Hand-held cell phone use while driving legislation and observed driver behavior among population sub-groups in the United States

Article English OPEN
Rudisill, Toni M. ; Zhu, Motao (2017)
  • Publisher: BioMed Central
  • Journal: BMC Public Health, volume 17 (issn: 1471-2458, eissn: 1471-2458)
  • Related identifiers: doi: 10.1186/s12889-017-4373-x, pmc: PMC5427616
  • Subject: Driving | Epidemiology | Research Article | RA1-1270 | Public aspects of medicine | Cell phone | Legislation
    mesheuropmc: human activities

Abstract Background Cell phone use behaviors are known to vary across demographic sub-groups and geographic locations. This study examined whether universal hand-held calling while driving bans were associated with lower road-side observed hand-held cell phone conversations across drivers of different ages (16–24, 25–59, ≥60 years), sexes, races (White, African American, or other), ruralities (suburban, rural, or urban), and regions (Northeast, Midwest, South, and West). Methods Data from the 2008–2013 National Occupant Protection Use Survey were merged with states’ cell phone use while driving legislation. The exposure was presence of a universal hand-held cell phone ban at time of observation. Logistic regression was used to assess the odds of drivers having a hand-held cell phone conversation. Sub-groups differences were assessed using models with interaction terms.
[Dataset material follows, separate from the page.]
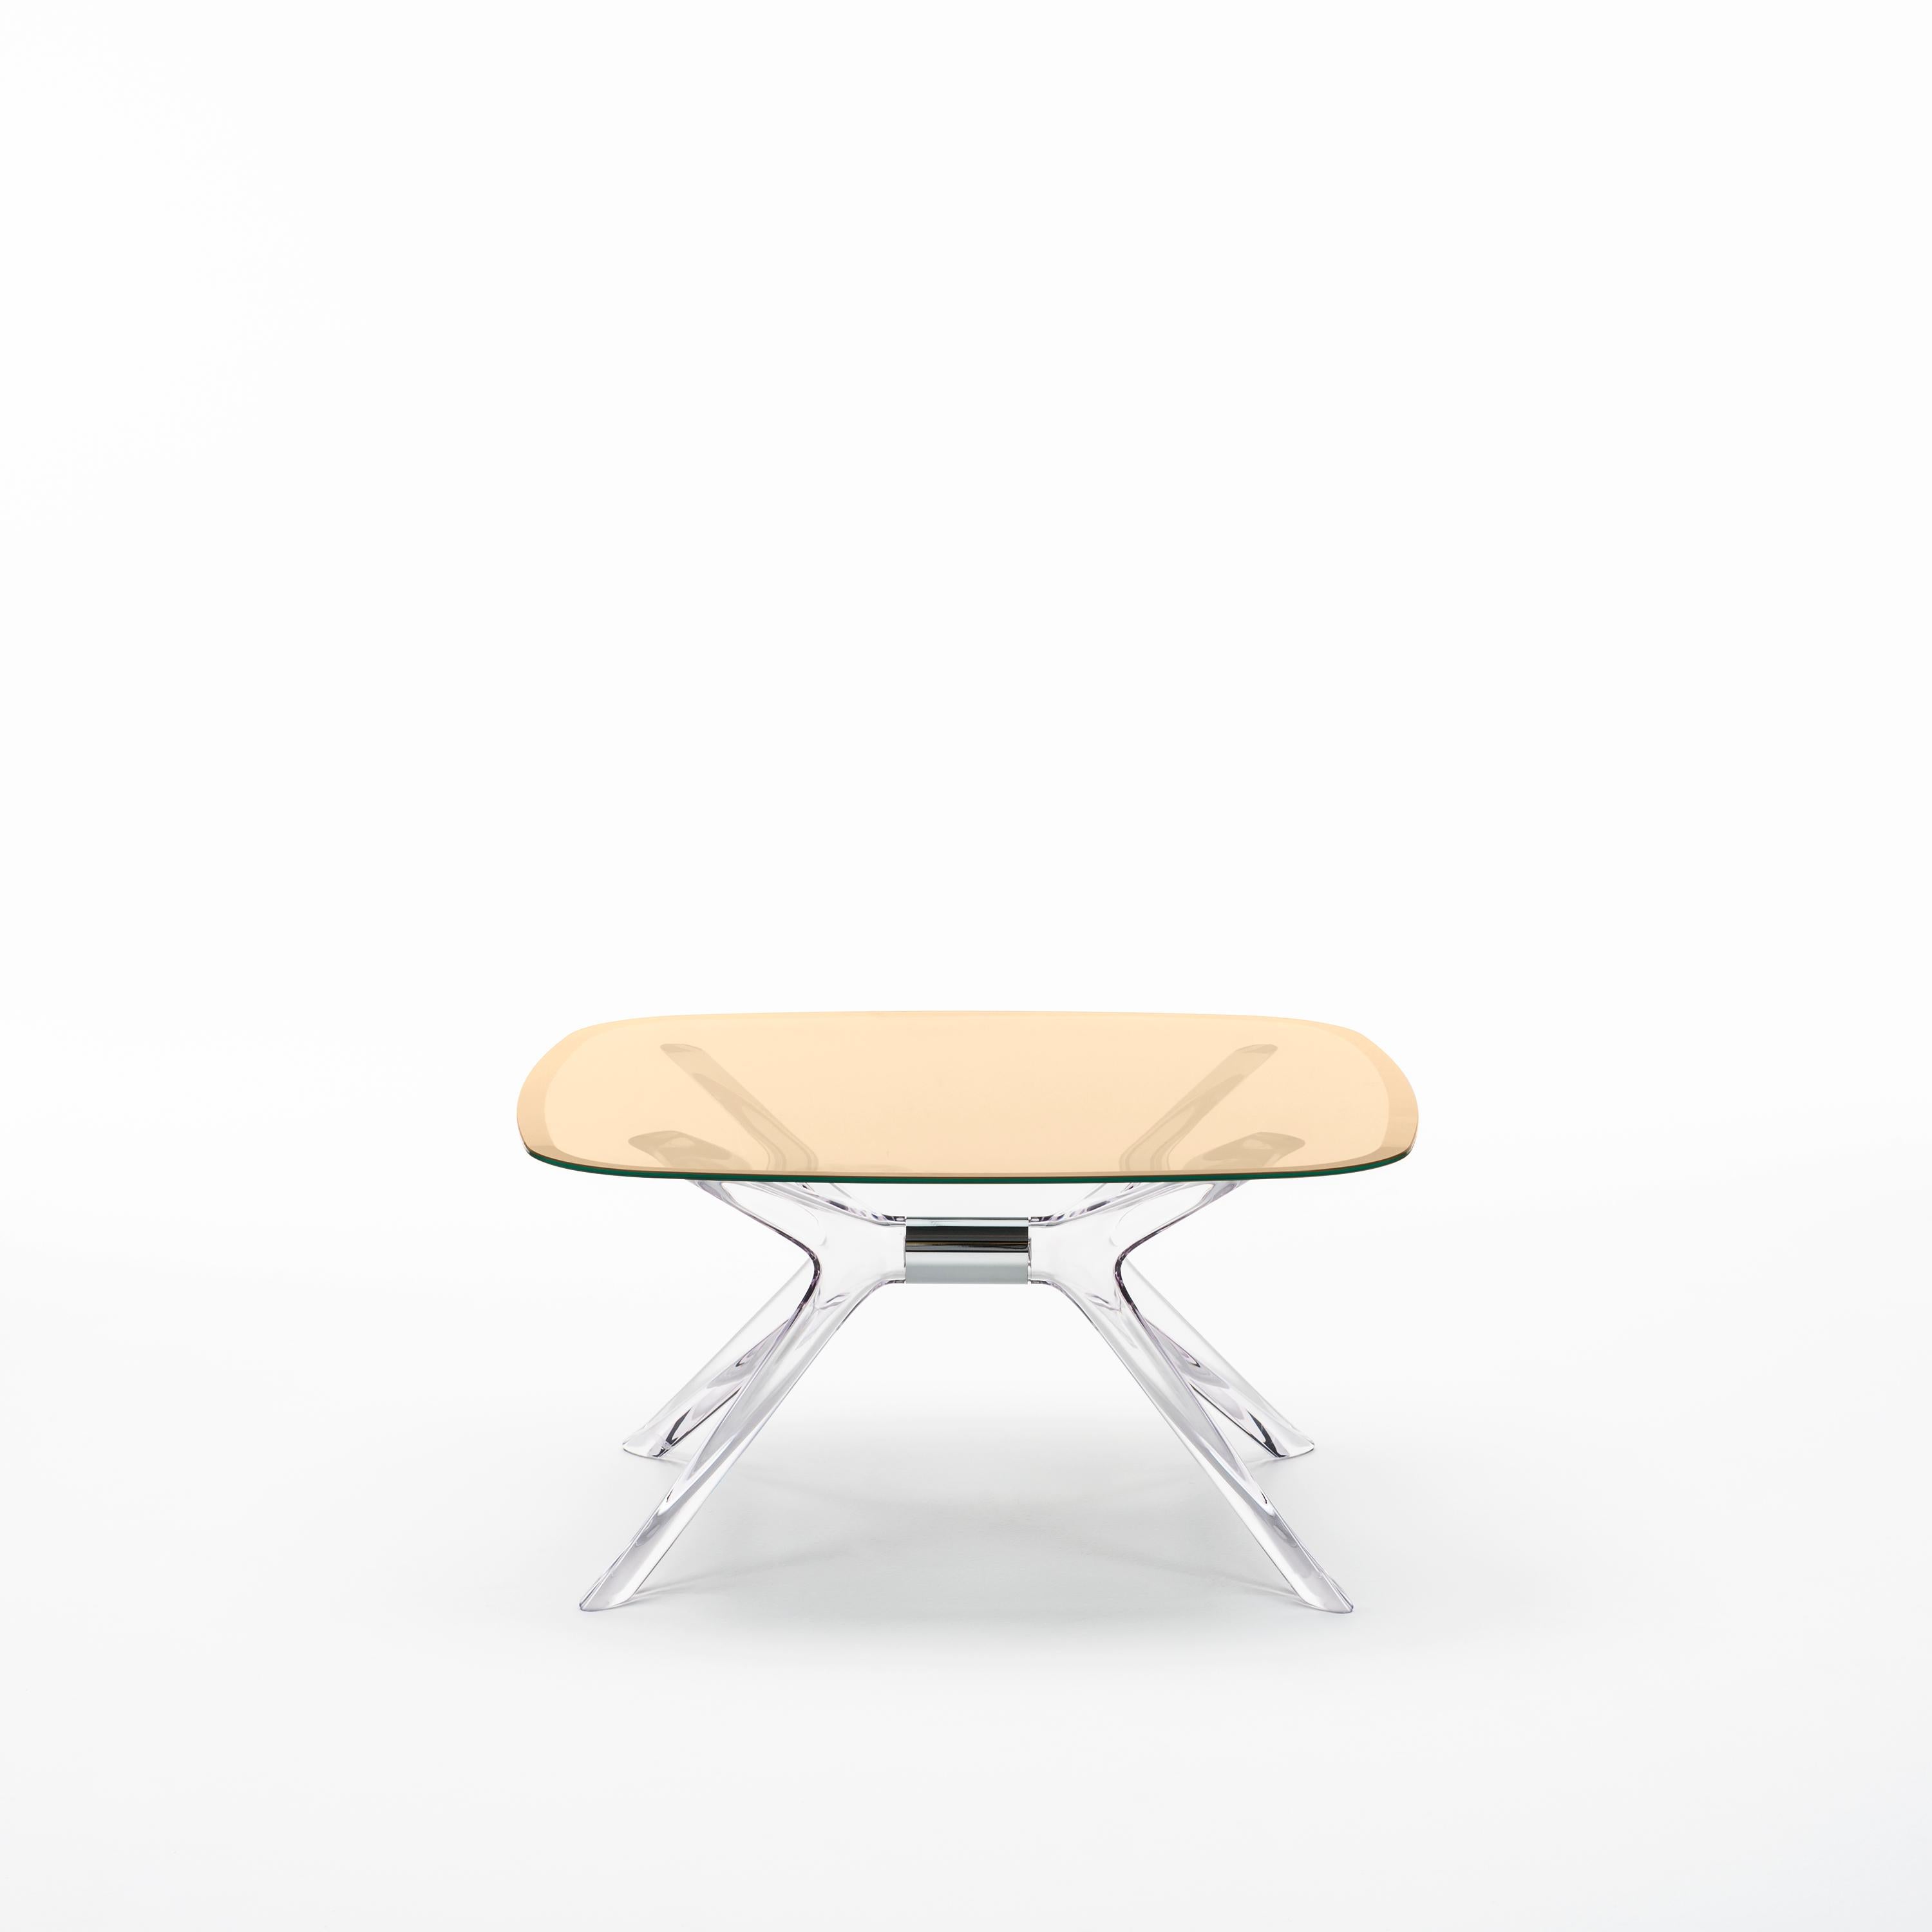 Kartell lifestyle enrichit le salon avec Blast de Philippe Starck, une table basse carrée aux angles arrondis et aux bases et plateaux transparents. Le design est une évolution de la table Sir Gio. Le noyau central de la base est

Results When universal hand-held cell phone bans were effective, hand-held cell phone conversations were lower across all driver demographic sub-groups and regions. Sub-group differences existed among the sexes (p-value, <0.0001) and regions (p-value, 0.0003). Compared to states without universal hand-held cell phone bans, the adjusted odds ratio (aOR) of a driver hand-held phone conversation was 0.34 [95% confidence interval (CI): 0.28, 0.41] for females versus 0.47 (CI 0.40, 0.55) for males and 0.31 (CI 0.25, 0.38) for drivers in Western states compared to 0.47 (CI 0.30, 0.72) in the Northeast and 0.50 (CI 0.38, 0.66) in the South. Conclusions The presence of universal hand-held cell phone bans were associated lower hand-held cell phone conversations across all driver sub-groups and regions. Hand-held phone conversations were particularly lower among female drivers and those from Western states when these bans were in effect. Public health interventions concerning hand-held cell phone use while driving could reasonably target all drivers.